• **WORK REQUIRED**
Below are entries with pictures among them; reproduce exactly, and only, the lines from the one containing "Family Photos for" down to the one containing "Penang Hill Bukit", without the pictures.

• **EXTRACTED INFORMATION**
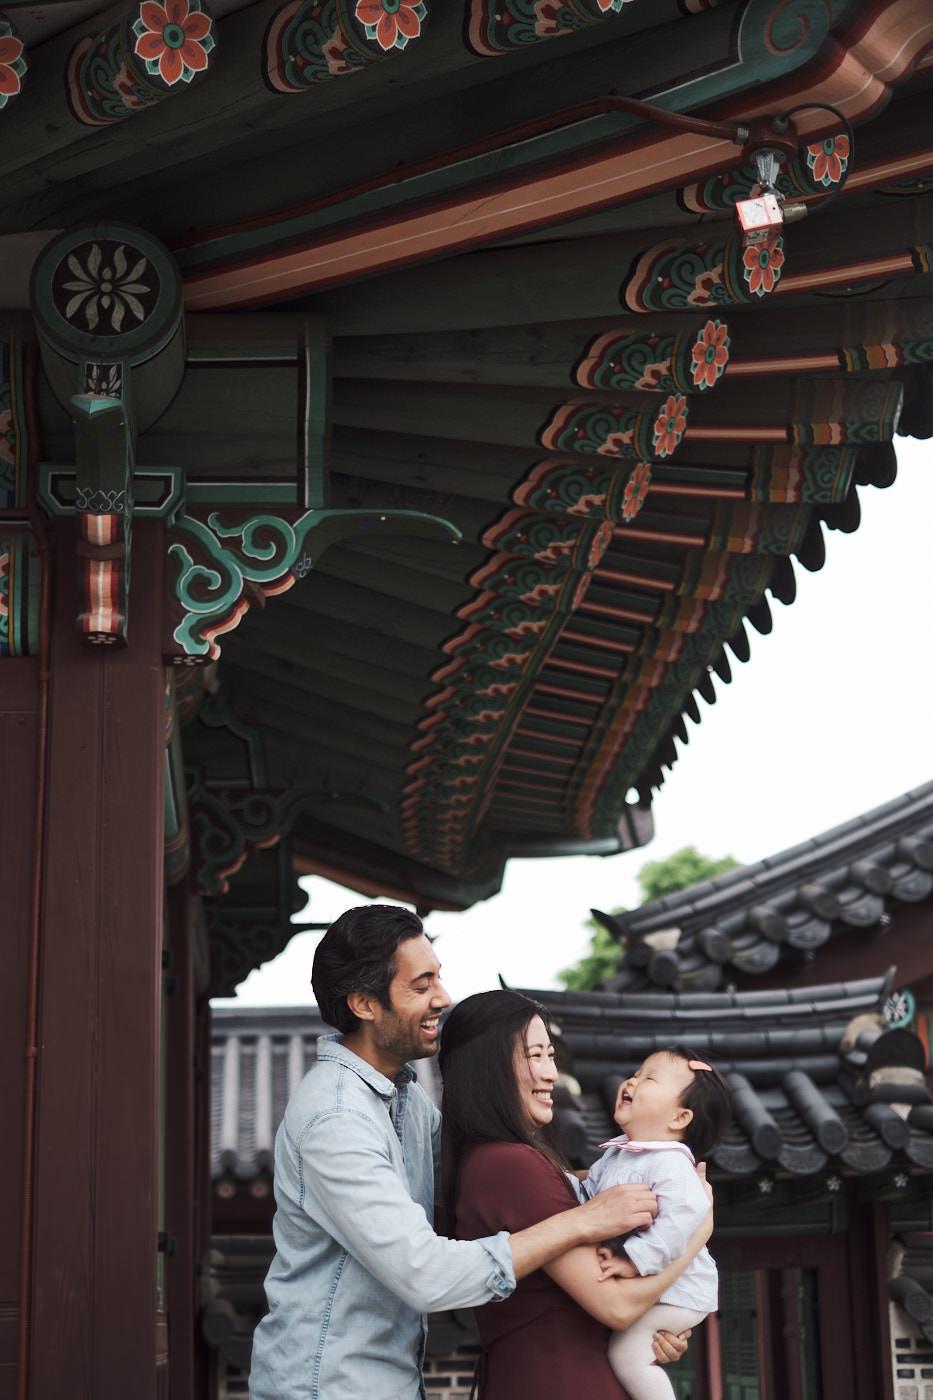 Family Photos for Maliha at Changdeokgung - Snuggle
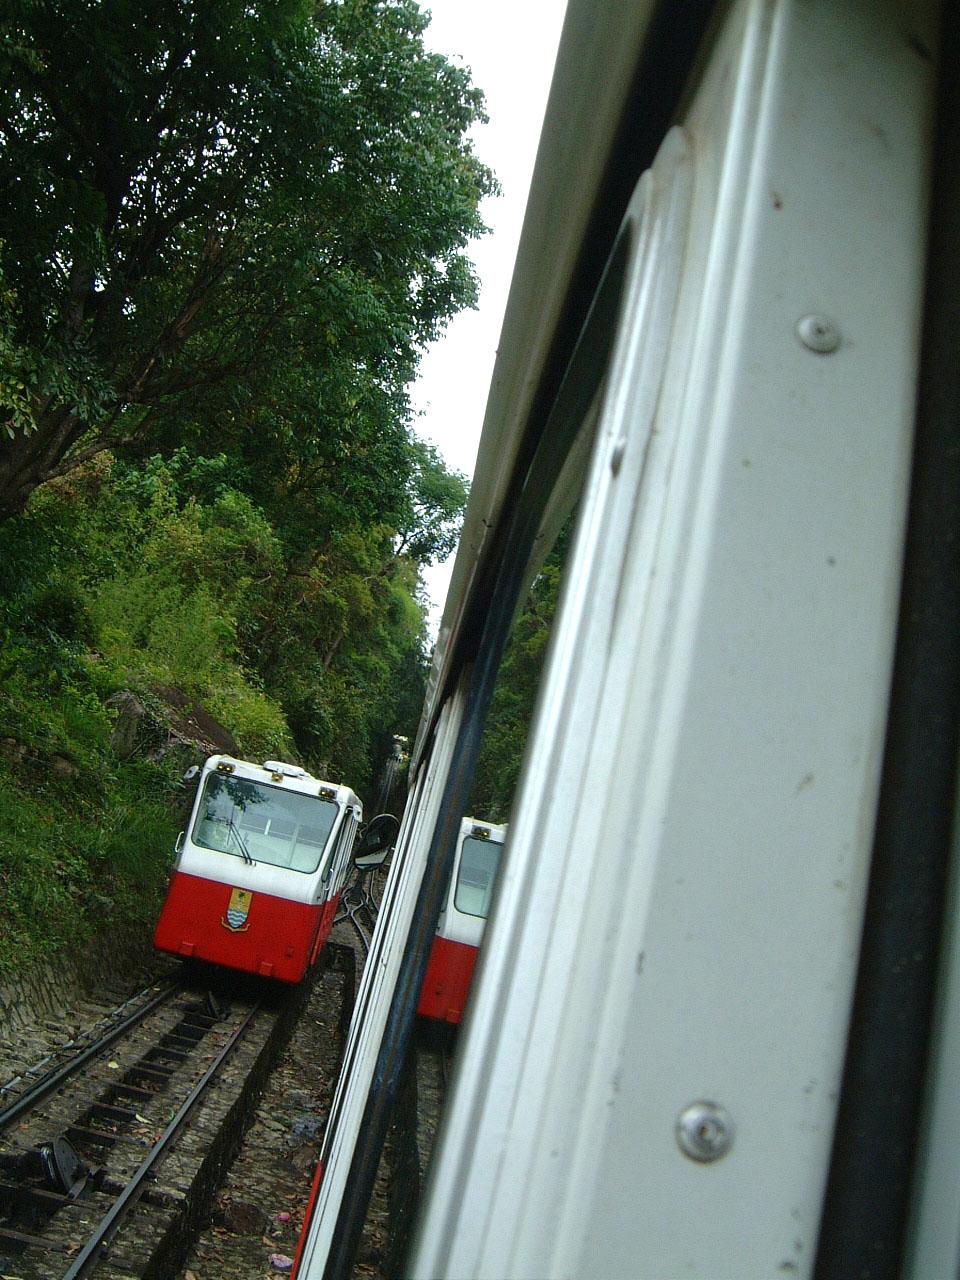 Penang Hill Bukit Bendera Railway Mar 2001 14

...

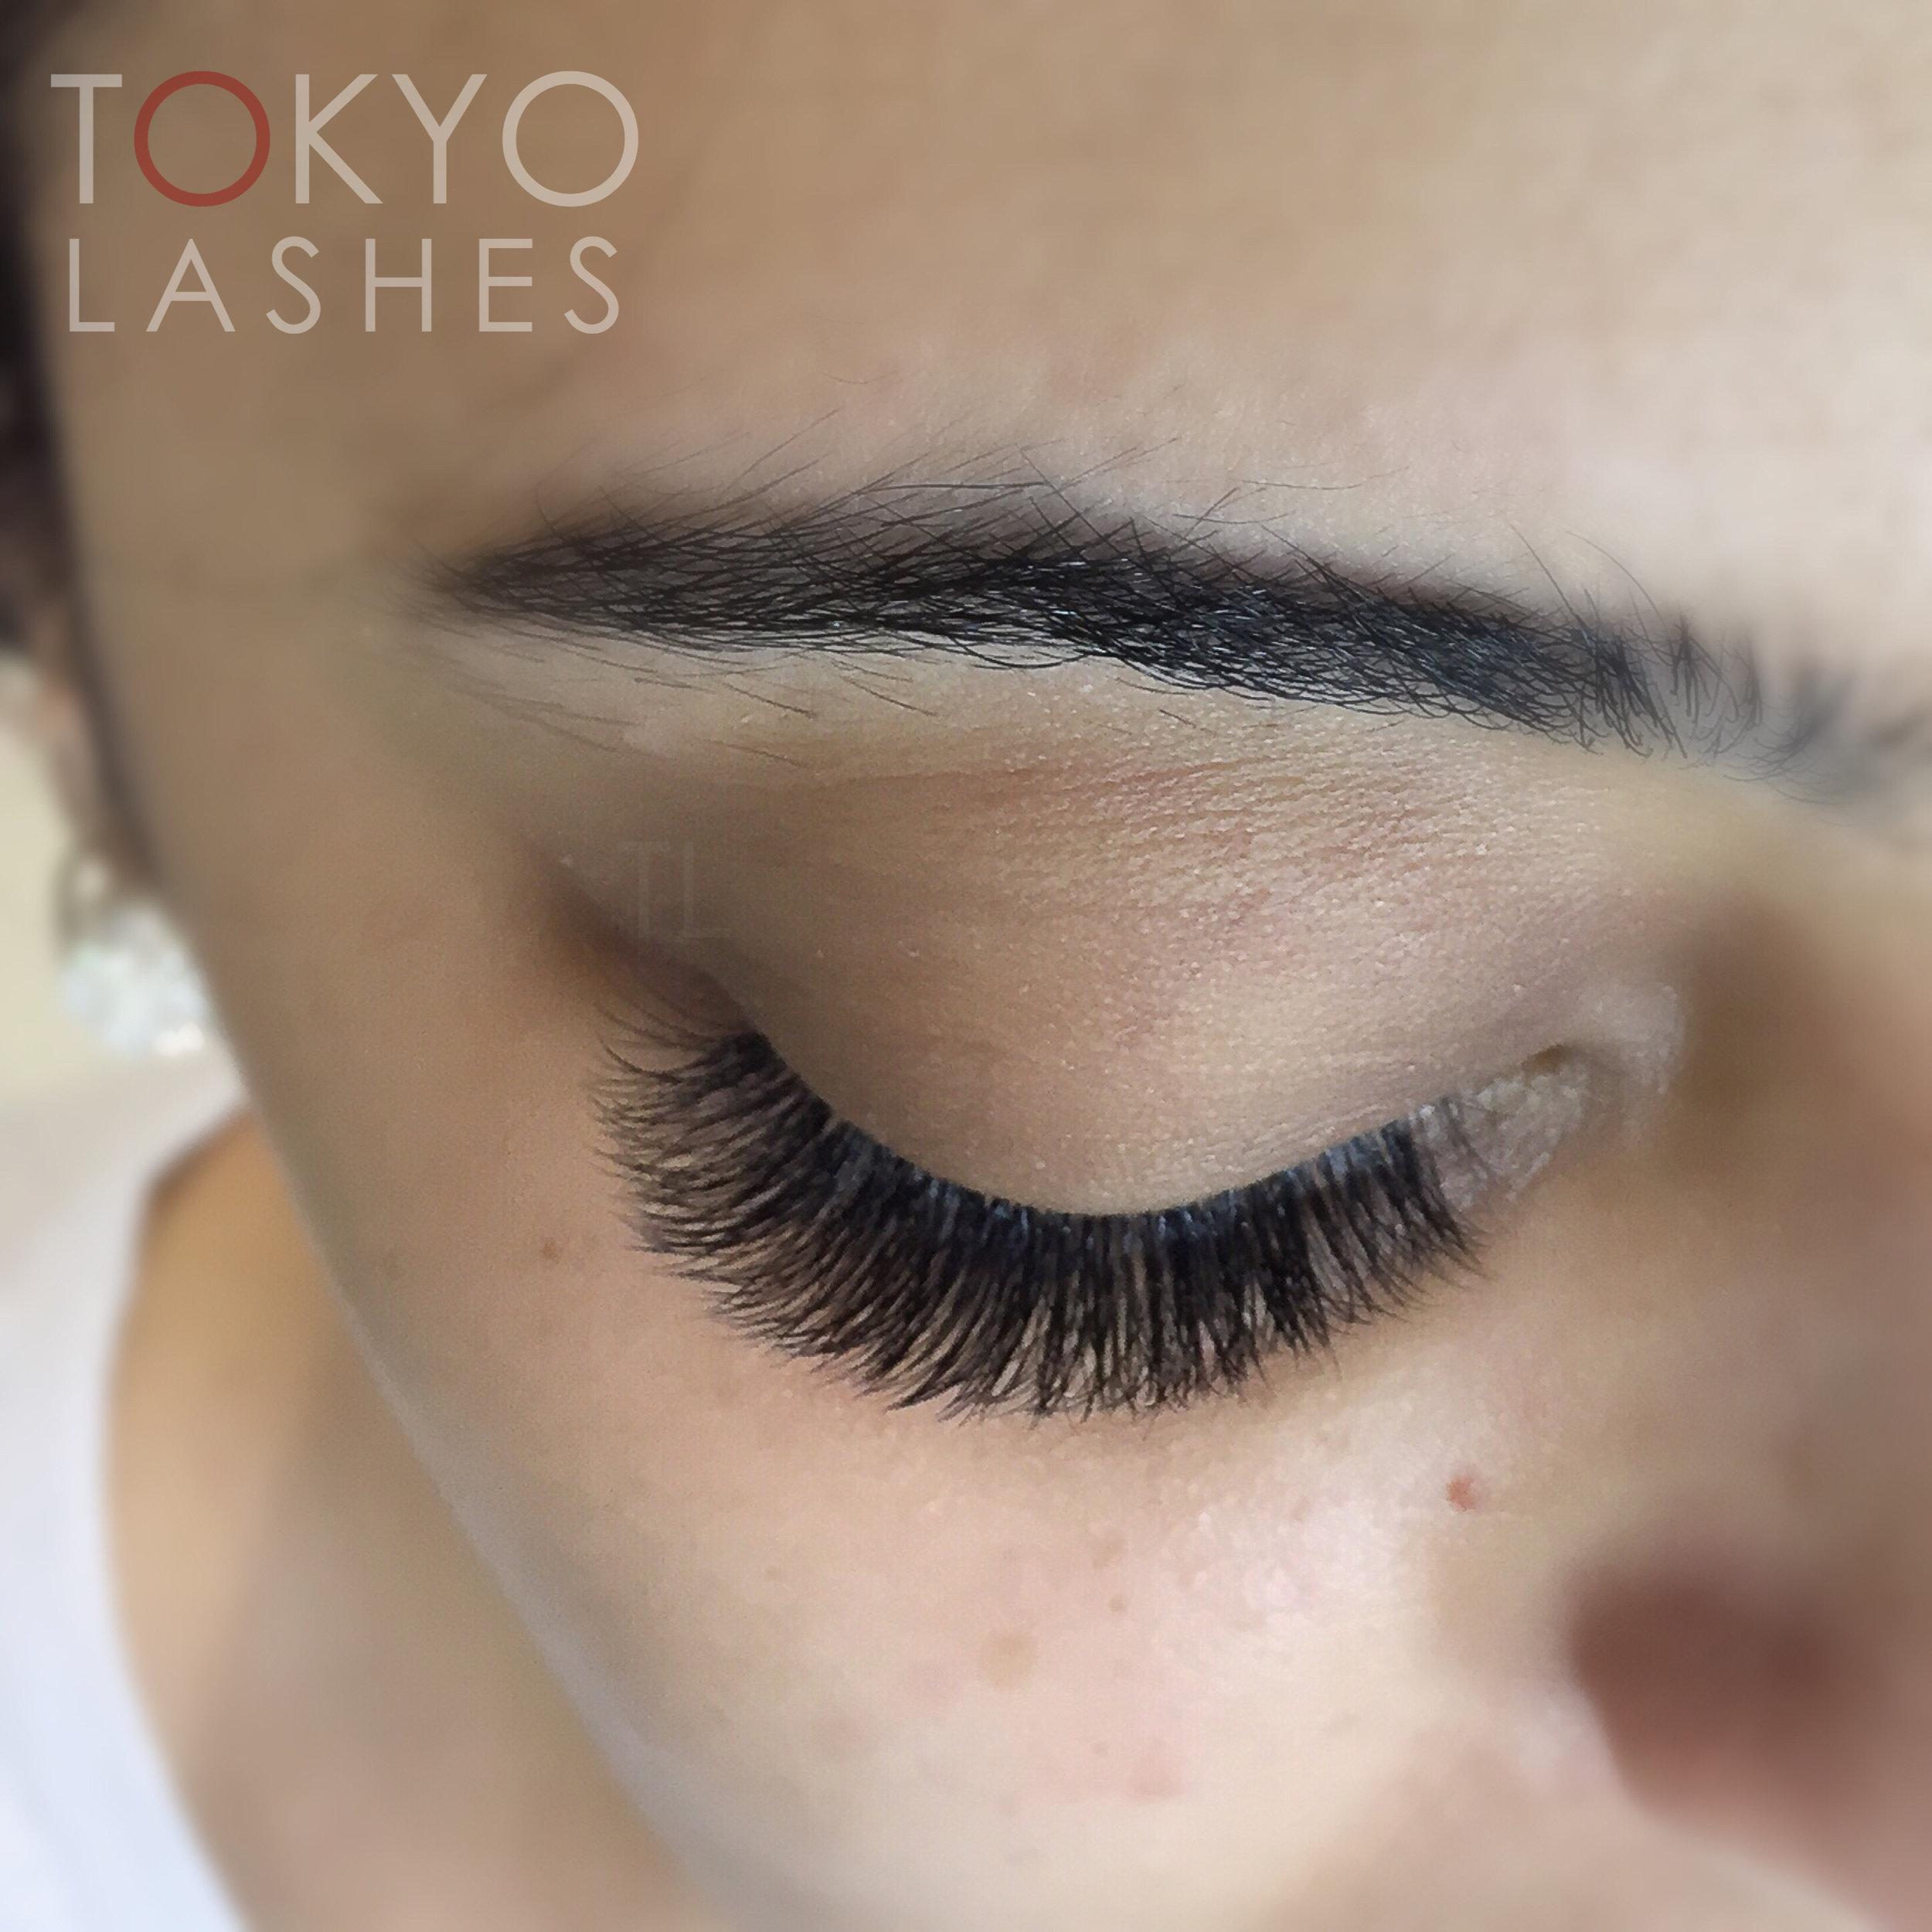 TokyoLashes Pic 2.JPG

• **ANSWER FOR THE TASK**
 Family Photos for Maliha at Changdeokgung - Snuggle
 Penang Hill Bukit Bendera Railway Mar 2001 14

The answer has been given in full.